Reputation: 6300

Extract the string matched in a regex, not the line, with awk

This should not be too difficult but I could not find a solution.

I have a HTML file, and I want to extract all URLs with a specific pattern.

The pattern is /users/<USERNAME>/ - I actually only need the USERNAME.

I got only to this:

awk '/users\/.*\//{print $0}' file

But this filters me the complete line.

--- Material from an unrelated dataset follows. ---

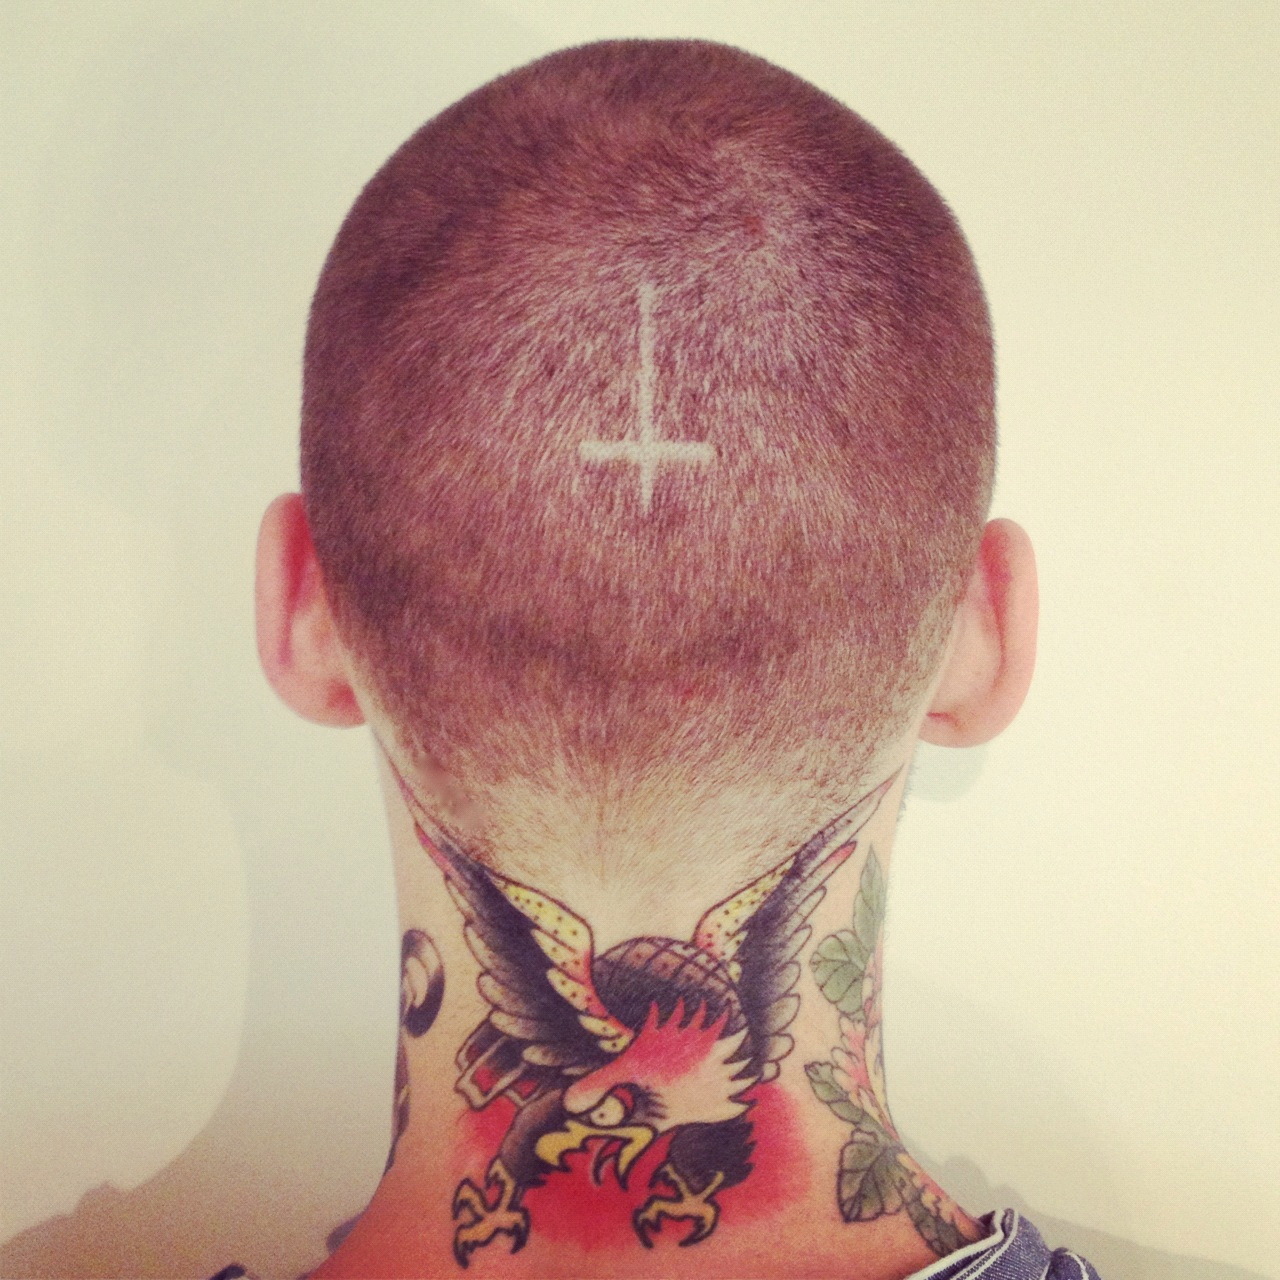 mikeypearson: Scissor over comb and upside down cross today at work.

I don't want the line.

Even just the whole URL is fine (e.g. get /users/USERNAME/), but I really only need the USERNAME....

Upvotes: 0

Answers (3)

Reputation: 784898

If you want to do this in single awk then use match function:

awk -v s="/users/" 'match($0, s "[^/[:blank:]]+") {
   print substr($0, RSTART+length(s), RLENGTH-length(s))
}' file

Or else this grep + cut will do the job:

grep -Eo '/users/[^/[:blank:]]+' file | cut -d/ -f

Upvotes: 2

Reputation: 67467

set the delimiter and do a literal match to second field and print the third.

$ awk -F/ '$2=="users"{print $3}'

Upvotes: 1

Reputation: 84

Assuming your statement gives you the entire line of something like /users/USERNAME/garbage/otherStuff/

You could pipe this result through head assuming you always know that it will be /users/USERNAME/....

After piping through head, you can also use cut commands to remove more of the end text until you have only the piece you want.

The command will look something like this
awk '/users\/.*\//{print $0}' file | head (options) | cut (options)

Upvotes: 0